When it works right, the MOM provides buoyancy and also visibility. The fully inflated pylon’s height of six feet gives it a 2.8-mile range of visibility, which is 2.8 miles more than a head half-submerged in the water. There’s a water-activated incandescent light at the pylon’s peak with a battery life of eight hours. If I were in the water next to a pylon as night fell, I’d feel a bit better looking up at a flashing strobe, although, as we later learned, that wouldn’t likely offer visibility beyond two miles.

Several crews tested the MOM units for drift and concluded that it was about equal to those of victims and mannequins. But there were problems with the inflation of the MOM 8. When it was first tested, an observer noted that “a few minutes” passed before the pylon got its kink out and stood erect. In observance of the manufacturer’s instructions, both MOMs were then sent off to an authorized repacking service in nearby Alameda. Perhaps the repacking was too hasty. In the MOM 8’s second test, the wire to the light was fouled, the pylon inflated only partially, and the light would not work.

Visual Contact
One clear night, a test team displayed 15 different lights from a small boat as a boat full of observers looked on from a range of two miles over choppy water. The lights were shown first in front of a brightly lit city background, then with a dark island as the backdrop. Most of the lights were strobes or incandescents from ACR and other well-known manufacturers (see sidebar for list). We also tried out a few flashlights, plus some lights that work by focusing through a relatively narrow angle. This was in effect a pass-fail test with two nautical miles as the dividing line between thumbs-up and thumbs-down.
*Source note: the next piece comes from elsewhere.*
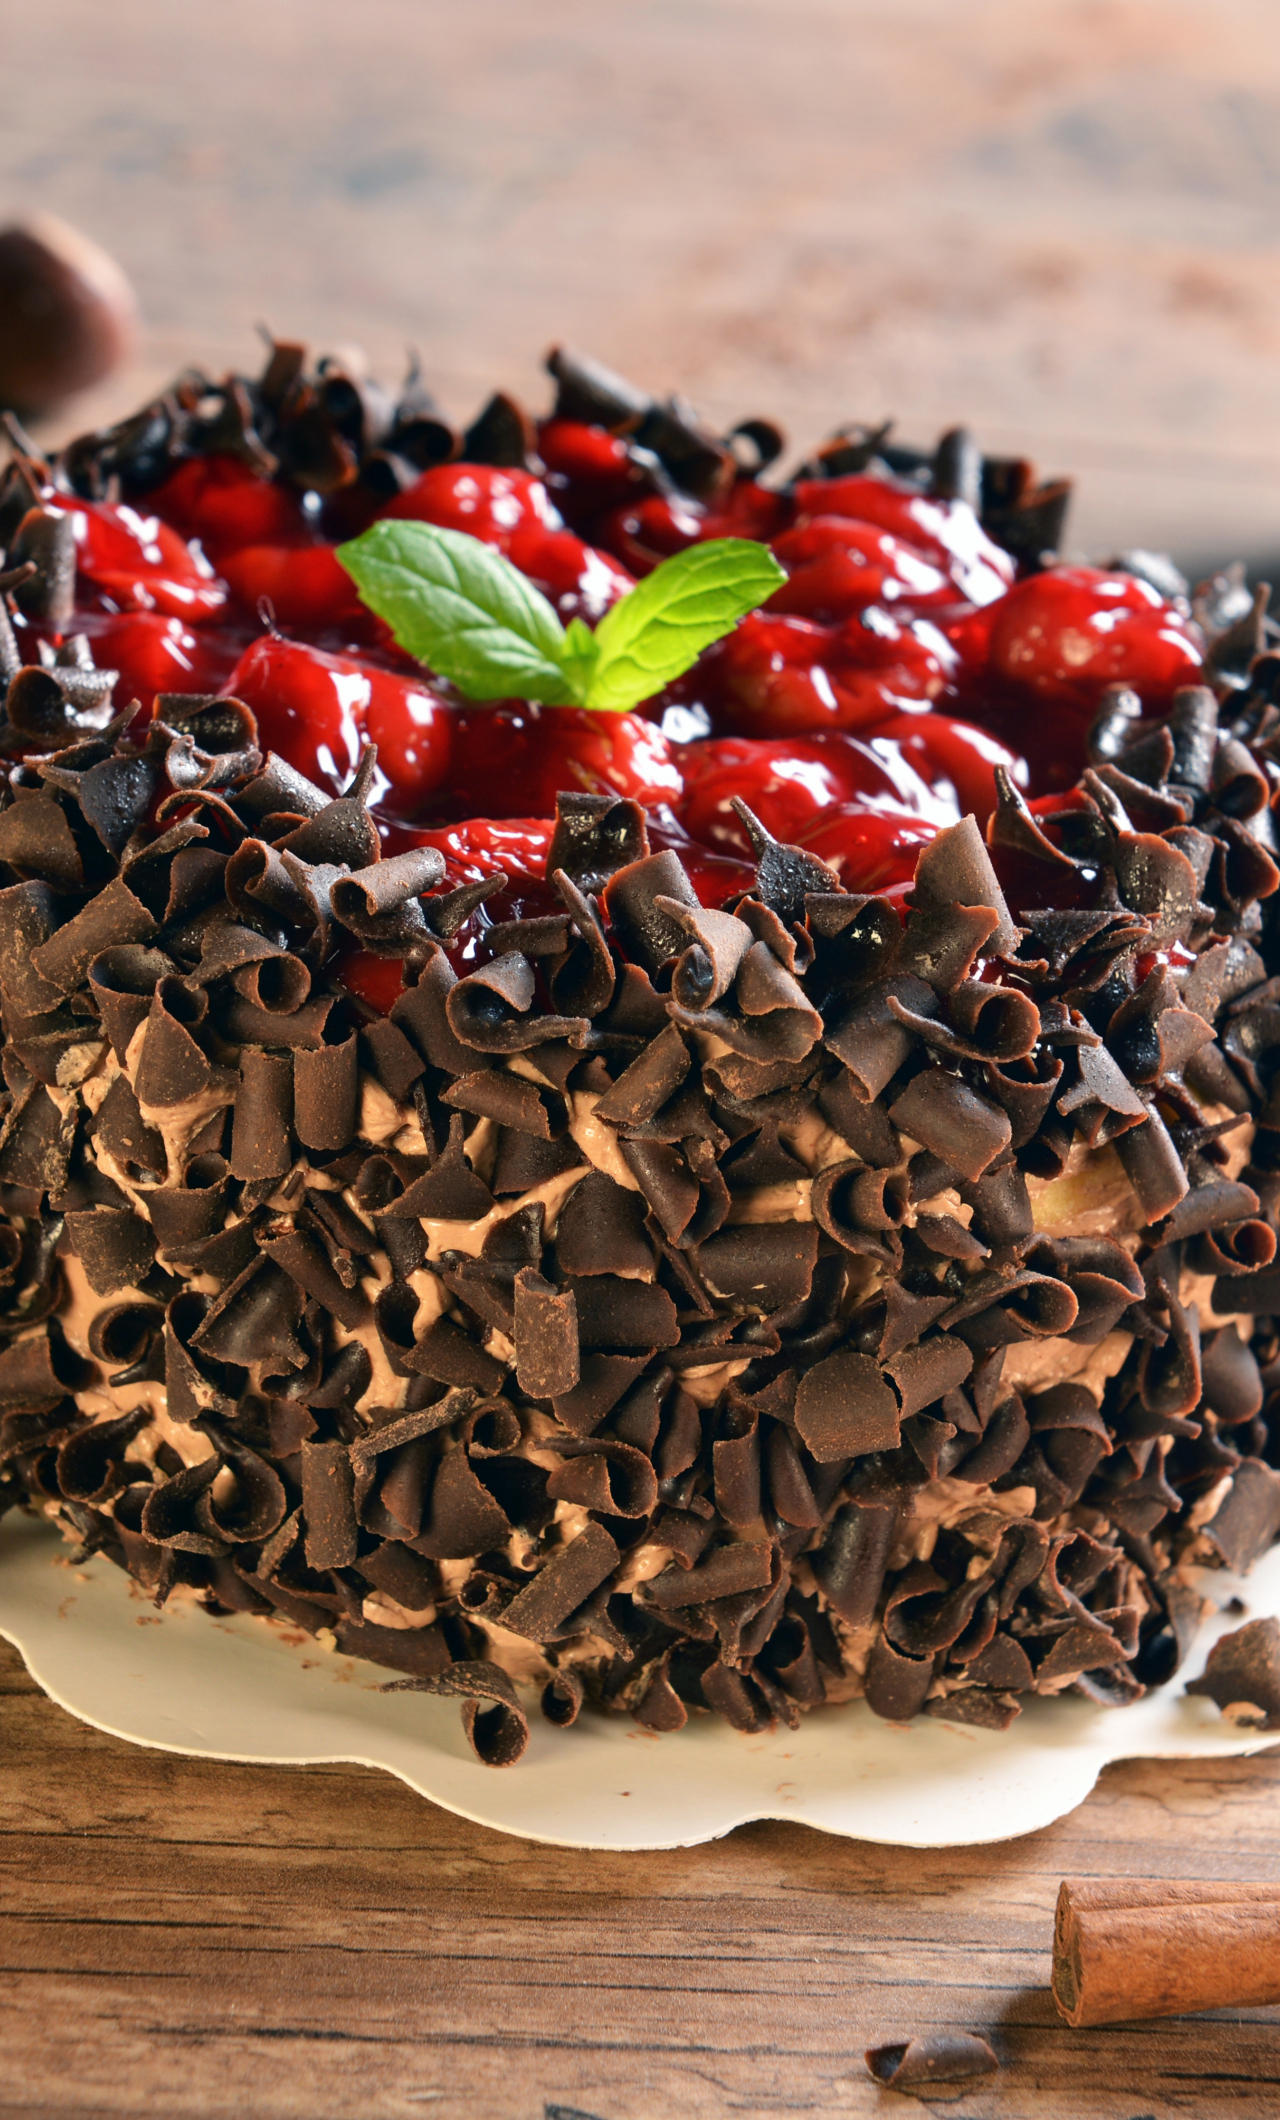 chocolate cake wallpaper

A surprising finding was that, at this range, the strobes were much less visible than the focused lights, even when lit against the dark island. (And the incandescent lights might as well have had dead batteries, their visibility was so limited.) Many people might consider the strobes’ relative dimness a reasonable tradeoff for their omnidirectional visibility. Anyone who’s in trouble and doesn’t know where a potential rescuer is lying (or flying) will want to show an all-round light that can be seen from all directions, including overhead by aircraft.
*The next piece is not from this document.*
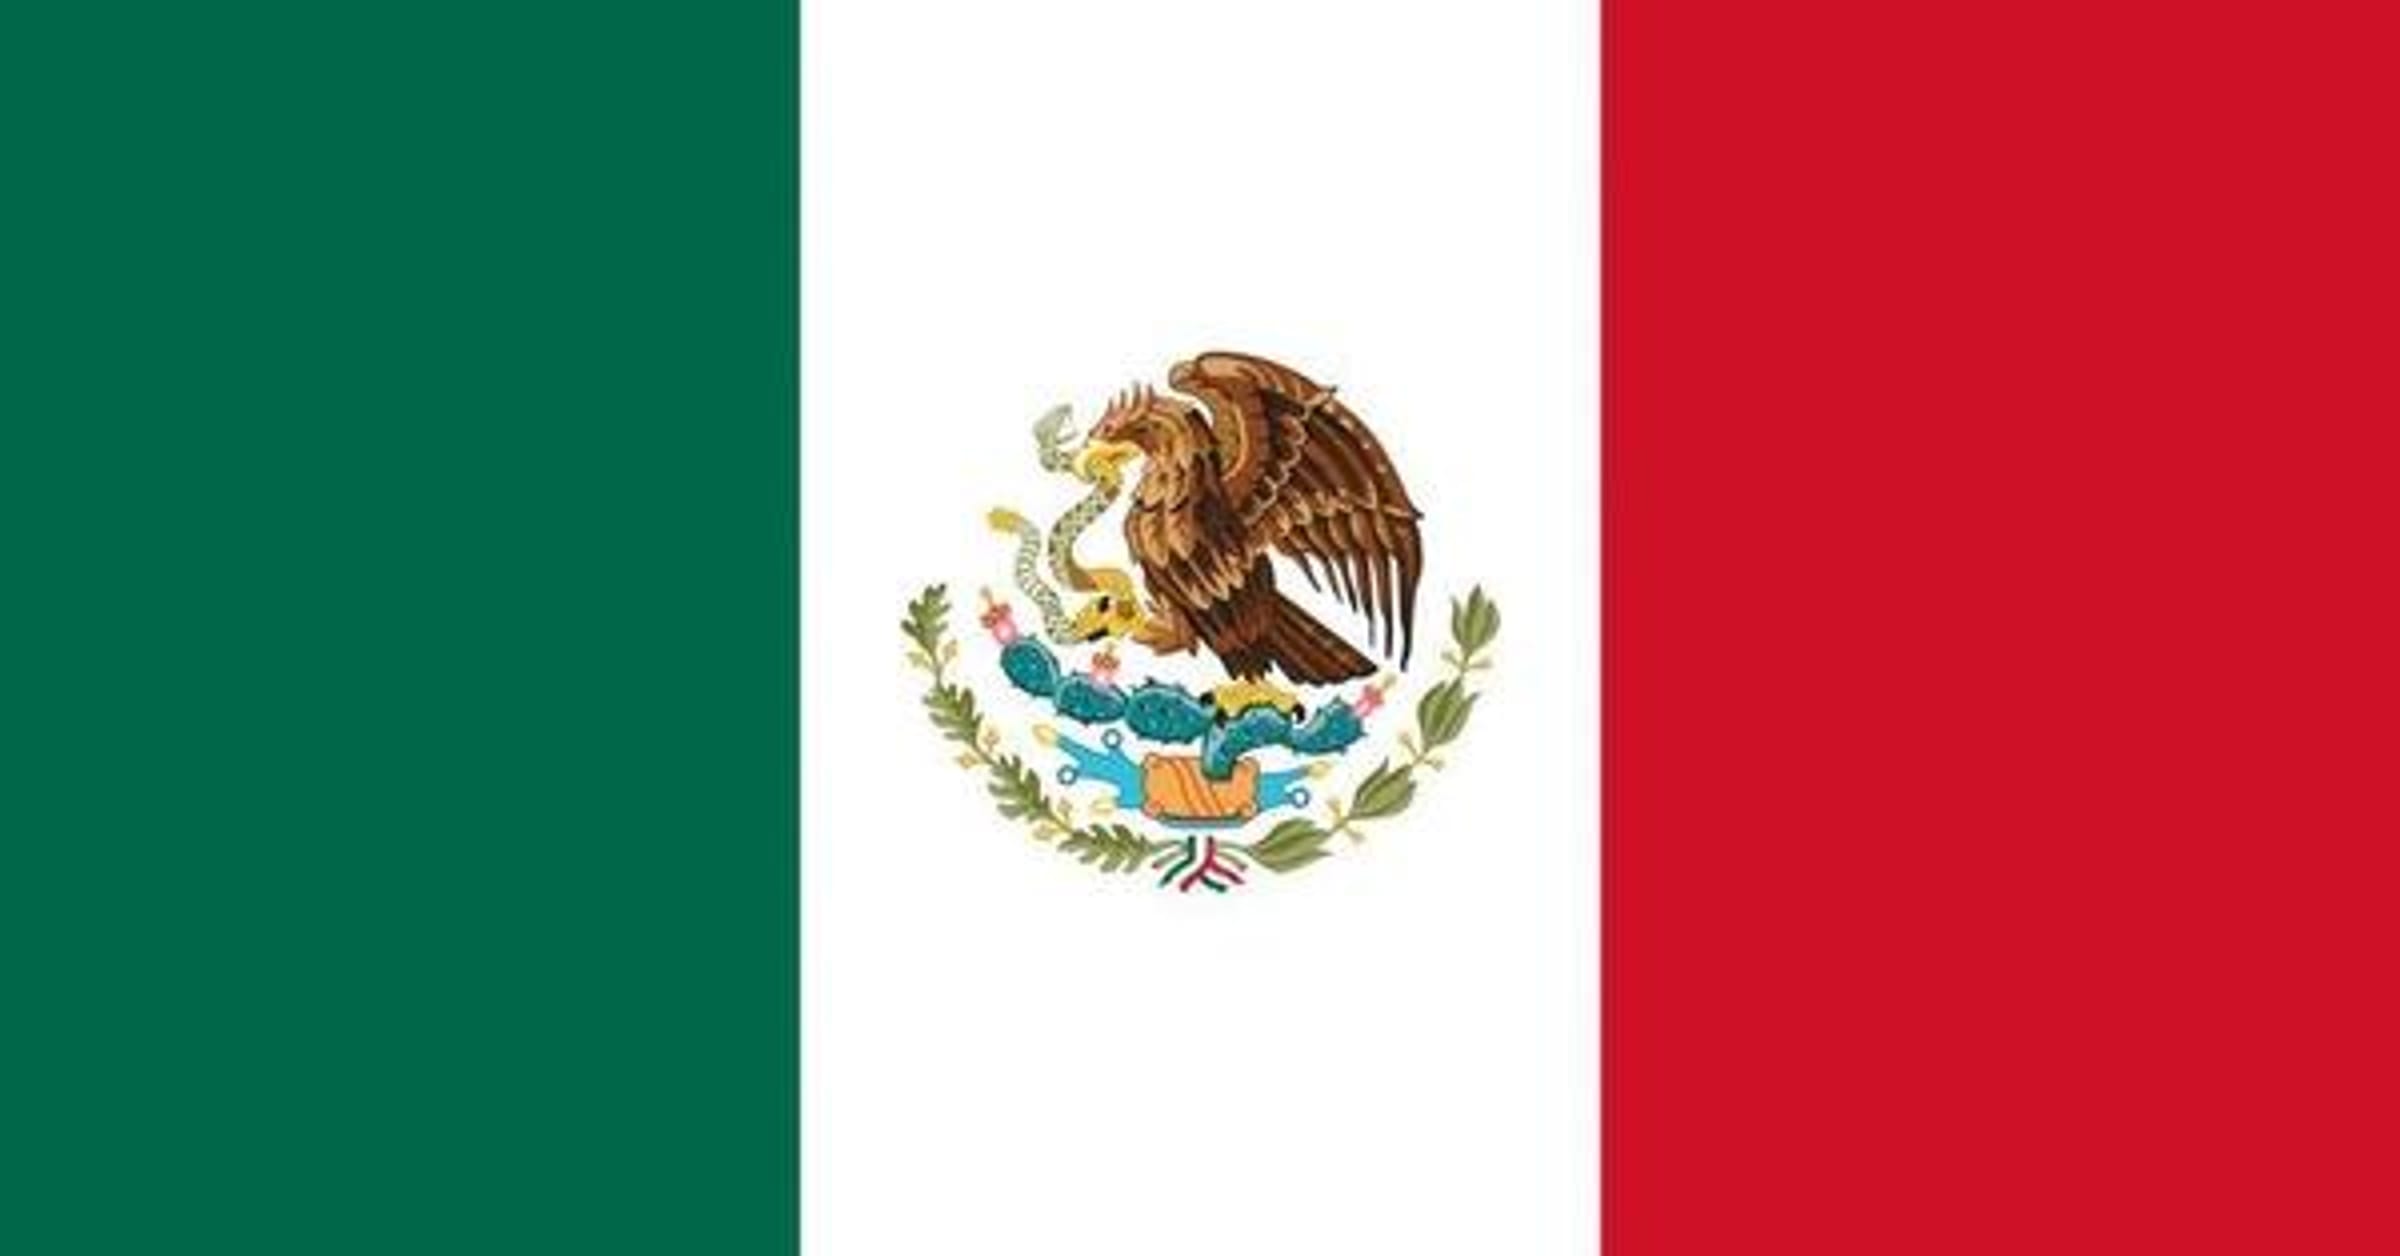 Emblems of Mexican Football Championship - Mexican Primera

Superior performance came from three focused lights. The best one of the three for sailors is the VIP Safety Light from Adventure Lights in Canada, which has a bright orange LED beam that can be adjusted to send out a constant light, a flashing light, or an S-O-S signal. It’s waterproof, compact (2″ x 3″), with a battery life of 200 hours (in flashing mode), and is designed to clip onto a jacket, PFD, or safety harness. This light is also versatile enough for an active sailor’s use in the cockpit, on deck, or (God forbid) in the water. (PS found it available online for $50 at www.waterstrider.com; it’s also sold through Plastimo.)

The light that drew the most praise from testers was the Greatland Rescue Laser Flare, a compact flashlight-style device that emits a bar-shaped red light which is very visible when swept from side to side. (PS detailed the capabilities of this product in the Feb. 15, ’04 issue.) It lists for $100 and reportedly lasts 72 hours on two 1.5 V alkaline batteries.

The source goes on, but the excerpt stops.